= Beginning of Section =

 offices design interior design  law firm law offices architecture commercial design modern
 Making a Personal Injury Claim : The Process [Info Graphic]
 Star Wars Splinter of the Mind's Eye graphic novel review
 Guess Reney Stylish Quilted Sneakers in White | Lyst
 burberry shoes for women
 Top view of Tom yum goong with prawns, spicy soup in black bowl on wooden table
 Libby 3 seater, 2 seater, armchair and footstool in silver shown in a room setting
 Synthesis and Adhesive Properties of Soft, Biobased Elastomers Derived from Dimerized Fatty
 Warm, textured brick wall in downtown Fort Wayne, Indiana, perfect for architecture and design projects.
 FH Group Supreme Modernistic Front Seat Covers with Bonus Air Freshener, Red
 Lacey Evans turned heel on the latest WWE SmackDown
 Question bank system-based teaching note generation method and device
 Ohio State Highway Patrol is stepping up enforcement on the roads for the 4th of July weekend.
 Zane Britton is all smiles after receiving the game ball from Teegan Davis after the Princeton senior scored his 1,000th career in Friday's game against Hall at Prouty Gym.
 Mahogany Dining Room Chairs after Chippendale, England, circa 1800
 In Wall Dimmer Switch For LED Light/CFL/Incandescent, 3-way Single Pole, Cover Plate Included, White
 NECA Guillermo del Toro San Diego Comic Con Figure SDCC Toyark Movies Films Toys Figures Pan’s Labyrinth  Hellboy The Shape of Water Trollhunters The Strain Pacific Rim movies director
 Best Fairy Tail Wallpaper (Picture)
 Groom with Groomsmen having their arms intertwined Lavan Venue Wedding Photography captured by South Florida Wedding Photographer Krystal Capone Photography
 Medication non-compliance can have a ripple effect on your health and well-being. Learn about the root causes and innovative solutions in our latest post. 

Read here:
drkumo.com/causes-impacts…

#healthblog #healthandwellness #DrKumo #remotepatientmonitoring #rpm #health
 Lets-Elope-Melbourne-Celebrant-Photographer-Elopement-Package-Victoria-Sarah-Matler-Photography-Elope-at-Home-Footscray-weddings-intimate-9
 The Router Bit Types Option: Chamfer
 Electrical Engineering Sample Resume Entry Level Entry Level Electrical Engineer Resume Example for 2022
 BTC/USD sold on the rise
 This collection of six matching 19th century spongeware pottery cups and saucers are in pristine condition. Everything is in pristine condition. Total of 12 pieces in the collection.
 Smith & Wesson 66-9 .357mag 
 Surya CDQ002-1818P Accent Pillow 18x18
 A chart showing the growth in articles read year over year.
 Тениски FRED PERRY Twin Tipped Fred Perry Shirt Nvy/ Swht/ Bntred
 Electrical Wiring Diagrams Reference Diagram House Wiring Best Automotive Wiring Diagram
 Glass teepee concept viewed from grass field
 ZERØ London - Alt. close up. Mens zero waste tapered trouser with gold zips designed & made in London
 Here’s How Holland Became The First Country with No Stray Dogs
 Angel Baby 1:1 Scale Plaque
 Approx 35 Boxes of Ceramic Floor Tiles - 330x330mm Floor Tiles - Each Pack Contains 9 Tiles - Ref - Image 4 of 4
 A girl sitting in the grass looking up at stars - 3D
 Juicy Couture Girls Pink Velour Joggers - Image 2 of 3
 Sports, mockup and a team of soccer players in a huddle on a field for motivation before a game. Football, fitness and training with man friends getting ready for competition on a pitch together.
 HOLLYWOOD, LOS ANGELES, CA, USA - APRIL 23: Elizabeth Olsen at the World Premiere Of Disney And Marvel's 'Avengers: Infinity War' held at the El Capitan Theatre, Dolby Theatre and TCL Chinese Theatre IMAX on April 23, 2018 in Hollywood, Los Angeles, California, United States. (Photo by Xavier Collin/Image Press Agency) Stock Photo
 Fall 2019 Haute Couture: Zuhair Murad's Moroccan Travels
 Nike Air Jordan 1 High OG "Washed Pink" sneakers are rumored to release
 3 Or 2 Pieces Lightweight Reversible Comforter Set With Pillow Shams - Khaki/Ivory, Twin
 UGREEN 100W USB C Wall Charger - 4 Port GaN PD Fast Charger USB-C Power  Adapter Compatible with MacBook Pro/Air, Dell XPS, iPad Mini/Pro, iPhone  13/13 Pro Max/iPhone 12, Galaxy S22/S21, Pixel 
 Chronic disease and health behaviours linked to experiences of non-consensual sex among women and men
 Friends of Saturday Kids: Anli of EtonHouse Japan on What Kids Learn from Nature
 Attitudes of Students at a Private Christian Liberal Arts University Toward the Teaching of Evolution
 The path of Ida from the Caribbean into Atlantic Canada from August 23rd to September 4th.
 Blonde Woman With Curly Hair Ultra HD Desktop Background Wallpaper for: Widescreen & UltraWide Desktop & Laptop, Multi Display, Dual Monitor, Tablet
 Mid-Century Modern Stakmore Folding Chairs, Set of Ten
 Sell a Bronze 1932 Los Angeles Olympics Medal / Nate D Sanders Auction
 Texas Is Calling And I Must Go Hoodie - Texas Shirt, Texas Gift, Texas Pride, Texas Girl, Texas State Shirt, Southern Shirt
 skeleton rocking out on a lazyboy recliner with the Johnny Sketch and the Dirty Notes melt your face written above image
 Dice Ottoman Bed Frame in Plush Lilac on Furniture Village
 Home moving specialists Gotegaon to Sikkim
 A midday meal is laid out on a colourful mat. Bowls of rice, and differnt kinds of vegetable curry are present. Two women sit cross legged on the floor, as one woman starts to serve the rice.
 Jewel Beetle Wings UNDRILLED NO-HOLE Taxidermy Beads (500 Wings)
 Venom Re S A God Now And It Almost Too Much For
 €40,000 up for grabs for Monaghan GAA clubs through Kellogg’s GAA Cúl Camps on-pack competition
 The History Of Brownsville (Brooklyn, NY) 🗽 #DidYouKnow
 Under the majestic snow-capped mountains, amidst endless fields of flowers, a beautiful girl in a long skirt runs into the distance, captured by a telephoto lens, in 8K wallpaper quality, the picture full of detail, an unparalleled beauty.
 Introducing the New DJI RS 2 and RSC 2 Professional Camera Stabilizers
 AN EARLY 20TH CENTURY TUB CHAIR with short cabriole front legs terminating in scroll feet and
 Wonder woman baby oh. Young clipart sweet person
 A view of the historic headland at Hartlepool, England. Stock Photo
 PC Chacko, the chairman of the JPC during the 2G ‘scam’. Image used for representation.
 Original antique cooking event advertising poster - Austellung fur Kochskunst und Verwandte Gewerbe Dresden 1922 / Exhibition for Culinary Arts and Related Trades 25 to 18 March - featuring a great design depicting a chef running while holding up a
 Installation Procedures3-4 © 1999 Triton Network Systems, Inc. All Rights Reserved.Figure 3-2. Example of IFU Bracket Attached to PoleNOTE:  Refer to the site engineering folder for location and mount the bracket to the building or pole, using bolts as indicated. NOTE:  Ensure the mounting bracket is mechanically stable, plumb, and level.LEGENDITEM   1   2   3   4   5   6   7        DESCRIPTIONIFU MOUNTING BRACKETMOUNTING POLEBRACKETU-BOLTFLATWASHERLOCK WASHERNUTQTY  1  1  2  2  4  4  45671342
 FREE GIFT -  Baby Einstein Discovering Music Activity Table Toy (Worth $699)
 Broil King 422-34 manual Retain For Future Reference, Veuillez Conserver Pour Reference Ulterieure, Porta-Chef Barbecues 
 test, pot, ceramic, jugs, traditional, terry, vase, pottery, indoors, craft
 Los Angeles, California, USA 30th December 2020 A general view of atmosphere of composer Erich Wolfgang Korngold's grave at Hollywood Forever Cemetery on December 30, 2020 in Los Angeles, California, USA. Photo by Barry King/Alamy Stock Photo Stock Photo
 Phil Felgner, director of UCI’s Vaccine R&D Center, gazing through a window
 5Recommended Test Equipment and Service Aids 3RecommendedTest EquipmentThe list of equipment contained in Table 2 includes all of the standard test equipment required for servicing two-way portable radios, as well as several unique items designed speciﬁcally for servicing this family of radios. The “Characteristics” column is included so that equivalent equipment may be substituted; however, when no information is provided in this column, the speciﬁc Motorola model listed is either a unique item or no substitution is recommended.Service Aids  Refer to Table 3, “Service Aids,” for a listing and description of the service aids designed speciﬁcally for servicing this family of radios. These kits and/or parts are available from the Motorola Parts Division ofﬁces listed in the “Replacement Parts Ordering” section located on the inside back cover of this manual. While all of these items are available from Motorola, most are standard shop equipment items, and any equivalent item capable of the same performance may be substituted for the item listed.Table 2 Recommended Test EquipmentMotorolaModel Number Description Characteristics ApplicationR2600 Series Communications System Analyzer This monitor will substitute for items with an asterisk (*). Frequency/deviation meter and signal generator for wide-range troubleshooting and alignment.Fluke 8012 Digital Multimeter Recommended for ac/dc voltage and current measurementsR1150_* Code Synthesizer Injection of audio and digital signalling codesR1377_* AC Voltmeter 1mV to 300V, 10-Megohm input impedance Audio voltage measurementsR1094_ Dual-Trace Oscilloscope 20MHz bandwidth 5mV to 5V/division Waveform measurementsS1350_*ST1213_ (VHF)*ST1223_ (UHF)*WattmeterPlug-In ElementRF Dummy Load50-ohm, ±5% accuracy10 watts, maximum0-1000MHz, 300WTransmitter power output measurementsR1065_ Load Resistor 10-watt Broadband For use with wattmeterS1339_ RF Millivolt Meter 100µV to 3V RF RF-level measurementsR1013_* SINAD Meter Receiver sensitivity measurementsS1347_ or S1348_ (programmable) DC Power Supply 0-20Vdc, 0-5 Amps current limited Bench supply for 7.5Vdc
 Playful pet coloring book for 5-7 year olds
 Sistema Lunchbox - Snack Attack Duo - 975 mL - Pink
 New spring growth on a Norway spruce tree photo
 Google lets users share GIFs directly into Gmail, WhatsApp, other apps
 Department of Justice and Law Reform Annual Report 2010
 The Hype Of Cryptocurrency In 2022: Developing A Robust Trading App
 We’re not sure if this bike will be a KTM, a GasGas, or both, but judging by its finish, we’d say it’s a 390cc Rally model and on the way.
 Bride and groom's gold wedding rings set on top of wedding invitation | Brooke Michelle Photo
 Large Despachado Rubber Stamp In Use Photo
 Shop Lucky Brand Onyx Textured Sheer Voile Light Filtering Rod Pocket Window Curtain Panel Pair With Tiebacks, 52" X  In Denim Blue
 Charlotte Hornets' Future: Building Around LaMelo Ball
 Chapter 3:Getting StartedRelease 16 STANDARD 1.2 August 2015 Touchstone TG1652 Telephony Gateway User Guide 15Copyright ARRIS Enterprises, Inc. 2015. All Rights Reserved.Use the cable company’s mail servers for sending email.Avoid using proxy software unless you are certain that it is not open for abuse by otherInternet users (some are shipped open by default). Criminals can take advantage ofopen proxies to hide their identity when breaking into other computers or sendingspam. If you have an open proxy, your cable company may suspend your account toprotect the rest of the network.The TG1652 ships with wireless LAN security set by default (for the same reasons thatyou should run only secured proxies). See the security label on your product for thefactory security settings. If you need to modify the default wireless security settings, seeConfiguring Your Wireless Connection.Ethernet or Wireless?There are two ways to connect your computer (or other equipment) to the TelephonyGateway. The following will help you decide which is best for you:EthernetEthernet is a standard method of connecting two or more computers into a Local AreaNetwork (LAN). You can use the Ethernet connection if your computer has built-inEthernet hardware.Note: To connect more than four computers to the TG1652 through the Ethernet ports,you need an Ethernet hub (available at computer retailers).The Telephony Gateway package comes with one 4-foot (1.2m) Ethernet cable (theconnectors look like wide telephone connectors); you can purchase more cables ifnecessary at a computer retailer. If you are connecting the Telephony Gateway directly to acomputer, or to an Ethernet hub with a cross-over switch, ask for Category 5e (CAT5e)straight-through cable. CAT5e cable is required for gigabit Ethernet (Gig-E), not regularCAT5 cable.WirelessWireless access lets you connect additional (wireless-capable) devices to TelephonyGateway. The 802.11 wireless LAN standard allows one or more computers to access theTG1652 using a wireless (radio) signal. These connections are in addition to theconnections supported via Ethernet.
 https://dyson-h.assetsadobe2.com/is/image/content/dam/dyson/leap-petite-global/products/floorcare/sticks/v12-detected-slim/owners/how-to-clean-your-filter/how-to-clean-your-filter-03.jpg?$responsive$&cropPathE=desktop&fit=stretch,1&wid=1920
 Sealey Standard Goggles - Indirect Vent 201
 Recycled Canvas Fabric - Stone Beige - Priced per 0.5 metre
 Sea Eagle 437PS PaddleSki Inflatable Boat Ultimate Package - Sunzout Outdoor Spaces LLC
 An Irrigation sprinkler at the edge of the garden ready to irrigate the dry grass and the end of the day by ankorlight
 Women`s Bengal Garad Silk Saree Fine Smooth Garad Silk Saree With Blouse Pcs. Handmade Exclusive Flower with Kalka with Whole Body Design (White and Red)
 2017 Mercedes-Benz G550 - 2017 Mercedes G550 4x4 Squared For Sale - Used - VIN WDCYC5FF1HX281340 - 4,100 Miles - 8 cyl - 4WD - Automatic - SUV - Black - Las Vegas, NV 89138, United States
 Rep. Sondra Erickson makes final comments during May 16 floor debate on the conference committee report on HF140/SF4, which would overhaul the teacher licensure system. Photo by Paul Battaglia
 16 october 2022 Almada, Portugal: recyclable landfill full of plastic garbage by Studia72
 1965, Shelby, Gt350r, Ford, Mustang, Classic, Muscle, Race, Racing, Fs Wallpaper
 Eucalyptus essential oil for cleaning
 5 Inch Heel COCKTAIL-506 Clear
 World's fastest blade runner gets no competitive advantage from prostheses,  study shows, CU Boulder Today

= End of Section =

» AIM OF THE EXERCISE:
Here the output must be the lines above from the line with "Approx 35 Boxes" to the line with "Nike Air Jordan", both included, duplicated word for word and nothing else.

» TASK OUTPUT:
 Approx 35 Boxes of Ceramic Floor Tiles - 330x330mm Floor Tiles - Each Pack Contains 9 Tiles - Ref - Image 4 of 4
 A girl sitting in the grass looking up at stars - 3D
 Juicy Couture Girls Pink Velour Joggers - Image 2 of 3
 Sports, mockup and a team of soccer players in a huddle on a field for motivation before a game. Football, fitness and training with man friends getting ready for competition on a pitch together.
 HOLLYWOOD, LOS ANGELES, CA, USA - APRIL 23: Elizabeth Olsen at the World Premiere Of Disney And Marvel's 'Avengers: Infinity War' held at the El Capitan Theatre, Dolby Theatre and TCL Chinese Theatre IMAX on April 23, 2018 in Hollywood, Los Angeles, California, United States. (Photo by Xavier Collin/Image Press Agency) Stock Photo
 Fall 2019 Haute Couture: Zuhair Murad's Moroccan Travels
 Nike Air Jordan 1 High OG "Washed Pink" sneakers are rumored to release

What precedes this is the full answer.